--- GIVEN DATA ---

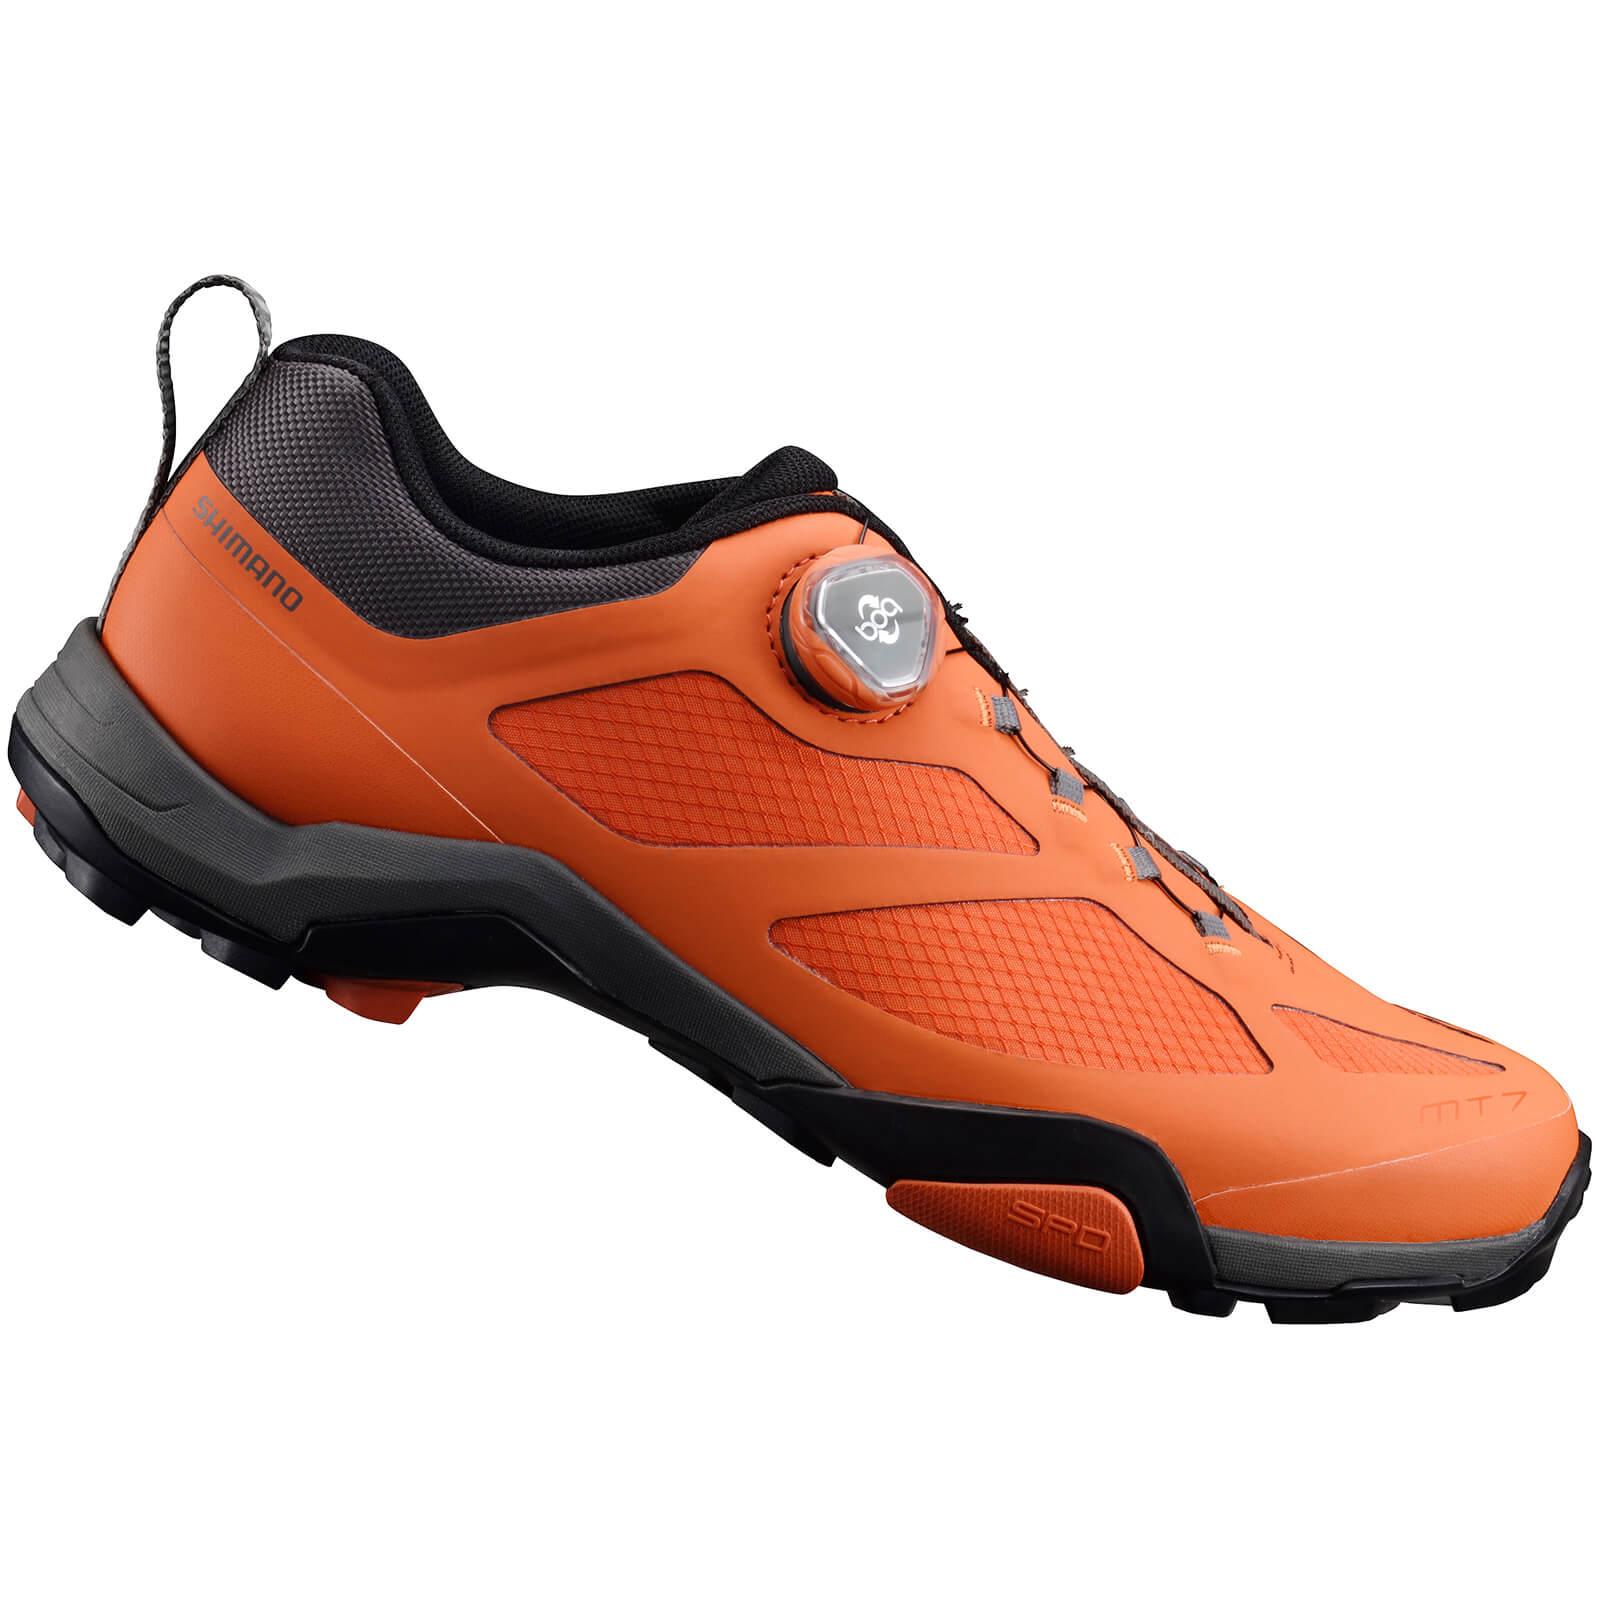 Shimano MT7 MTB Shoes - Orange - UK 12/EU 48 - Orange
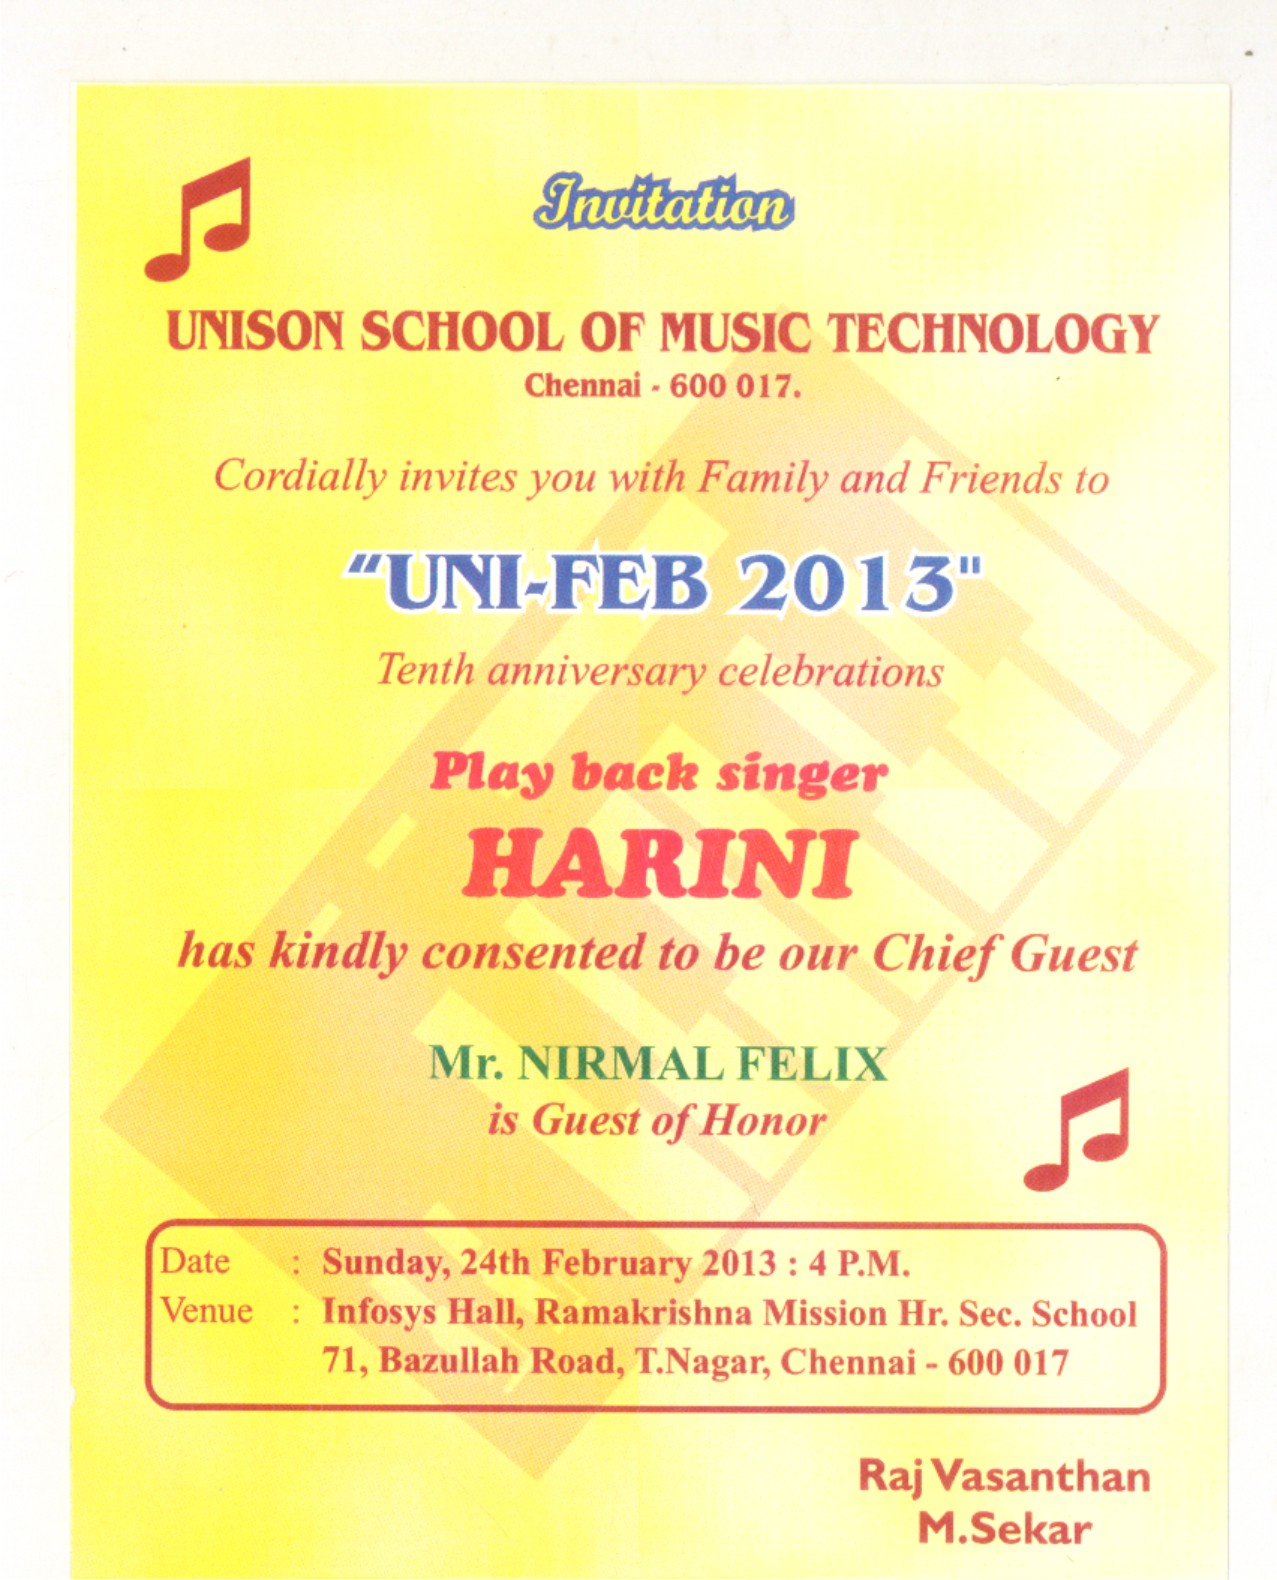 UNISON SCHOOL OF MUSIC COMPOSITION Invitation 10th Anniversary
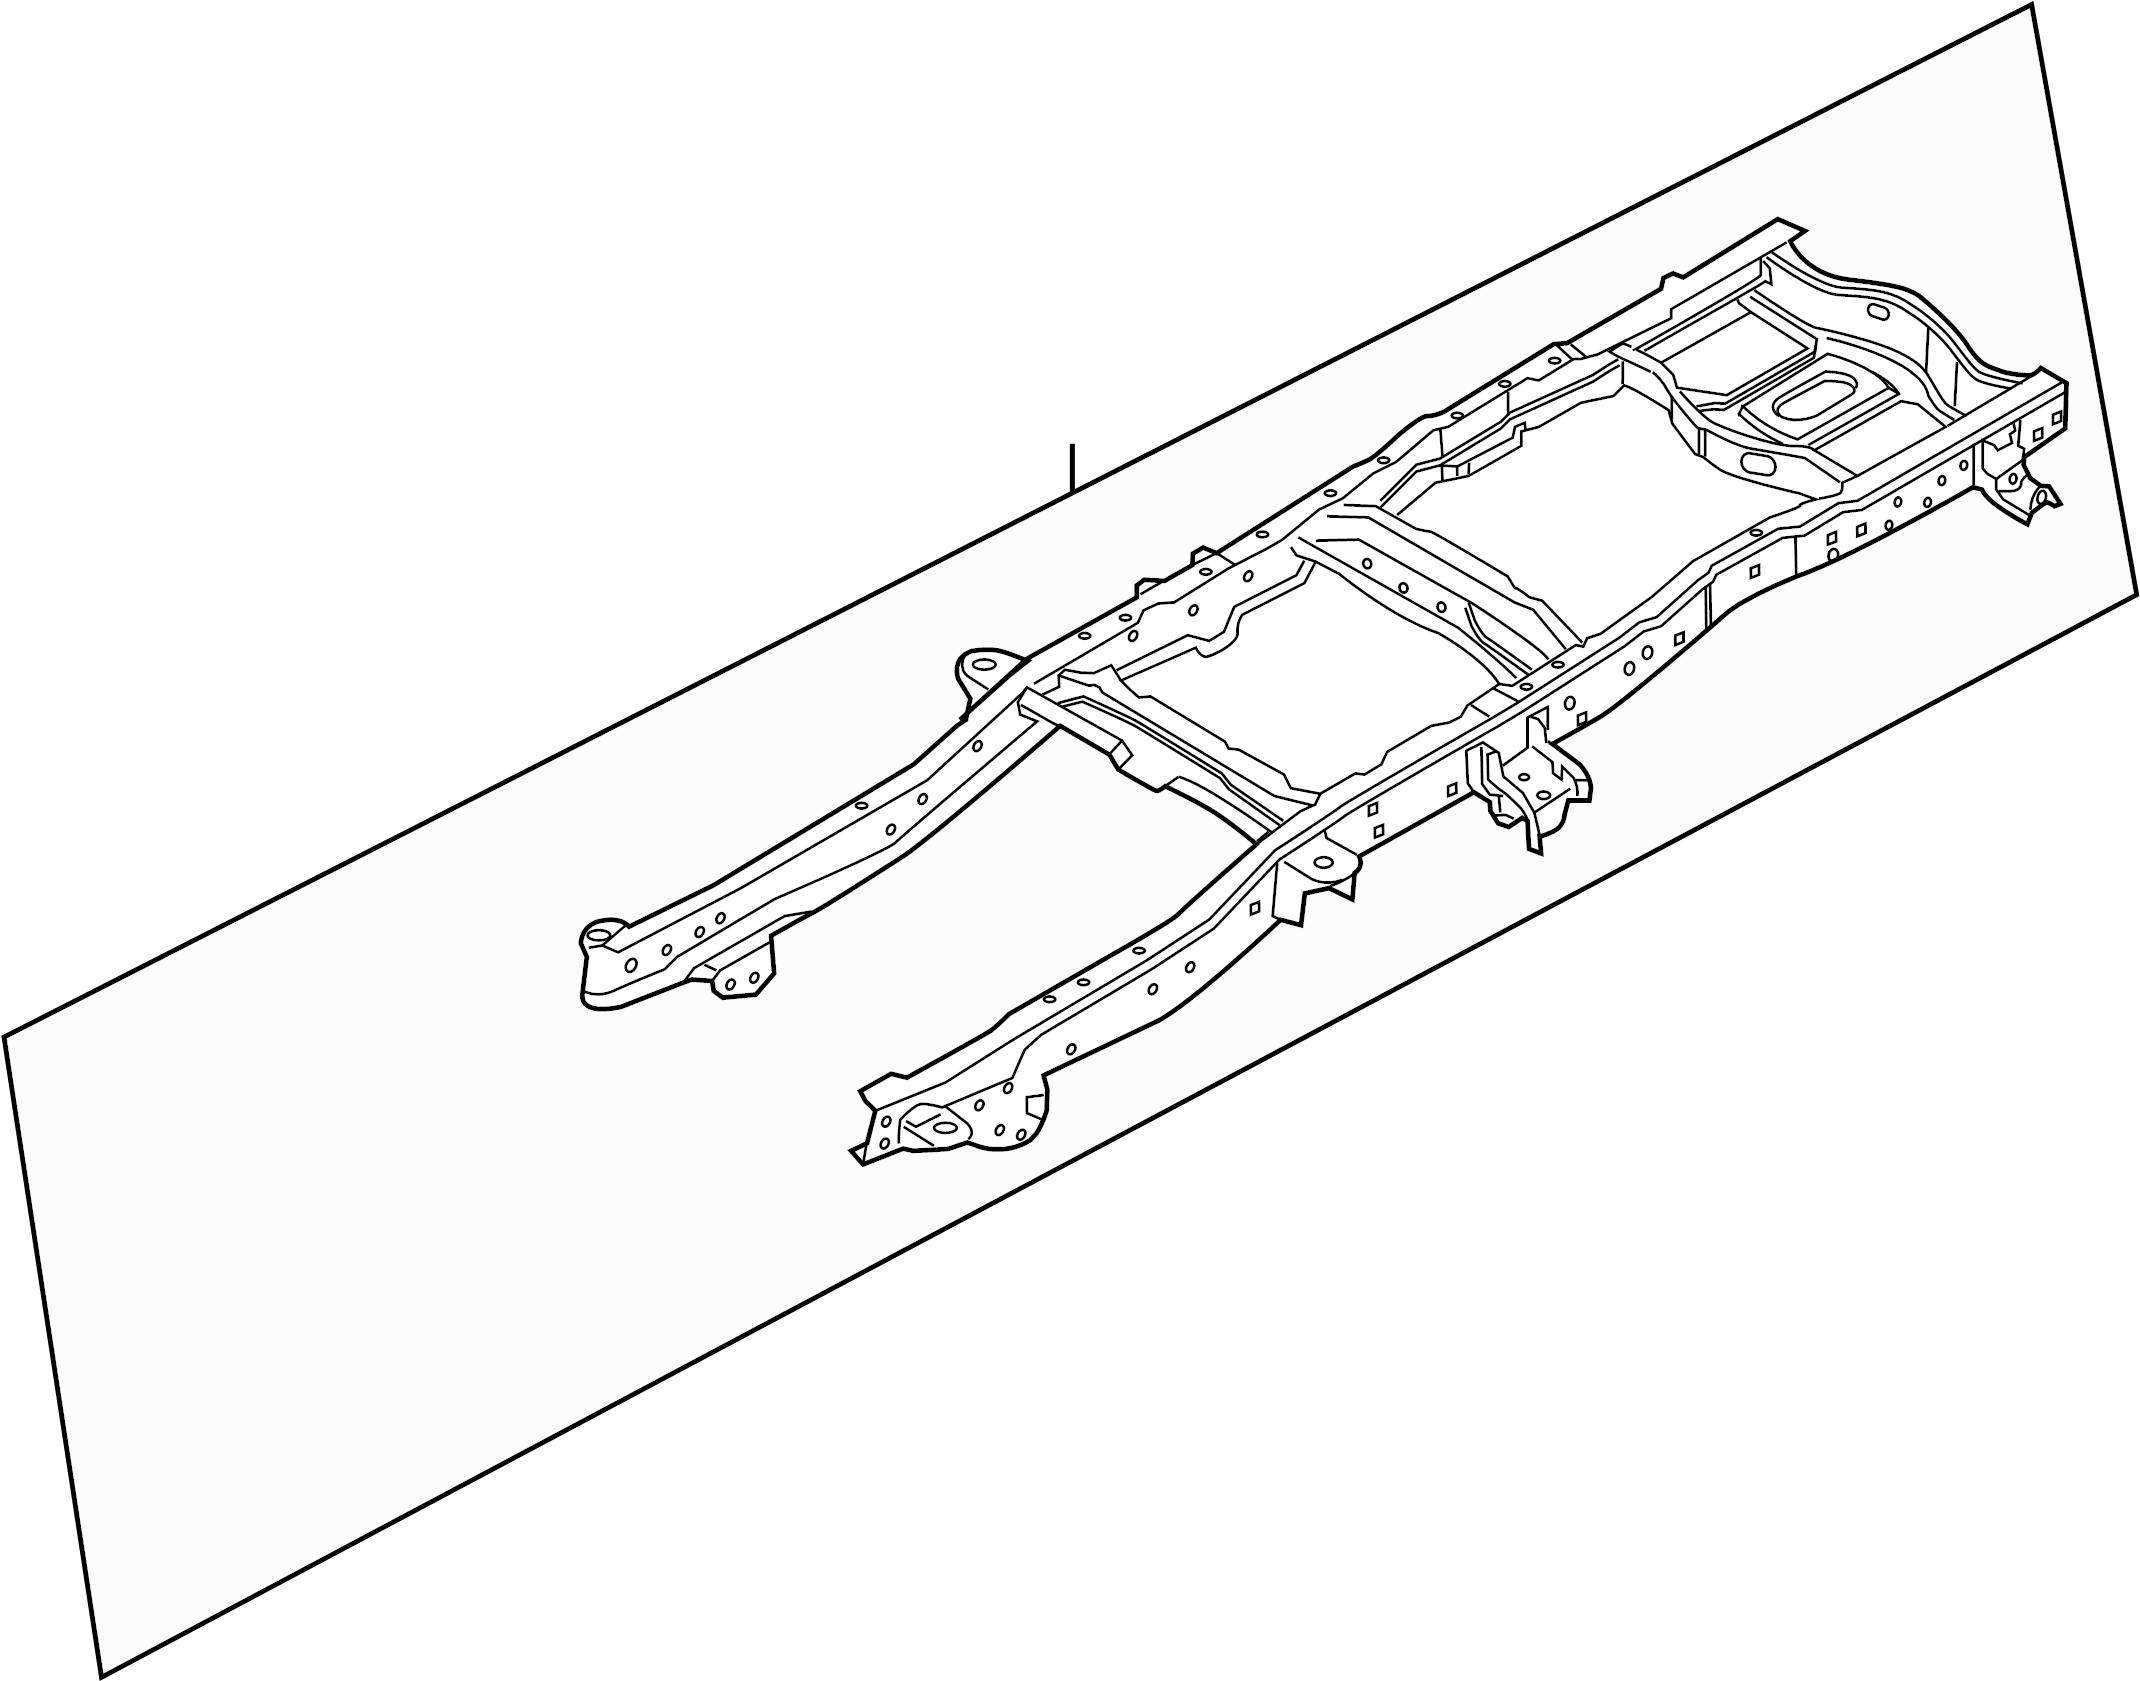 Ford F-250 Super Duty Frame Rail

---

### WORK REQUEST:
Please set down each line of the data above exactly as written, without the pictures.

### EXPECTED ANSWER:
 Shimano MT7 MTB Shoes - Orange - UK 12/EU 48 - Orange
 UNISON SCHOOL OF MUSIC COMPOSITION Invitation 10th Anniversary
 Ford F-250 Super Duty Frame Rail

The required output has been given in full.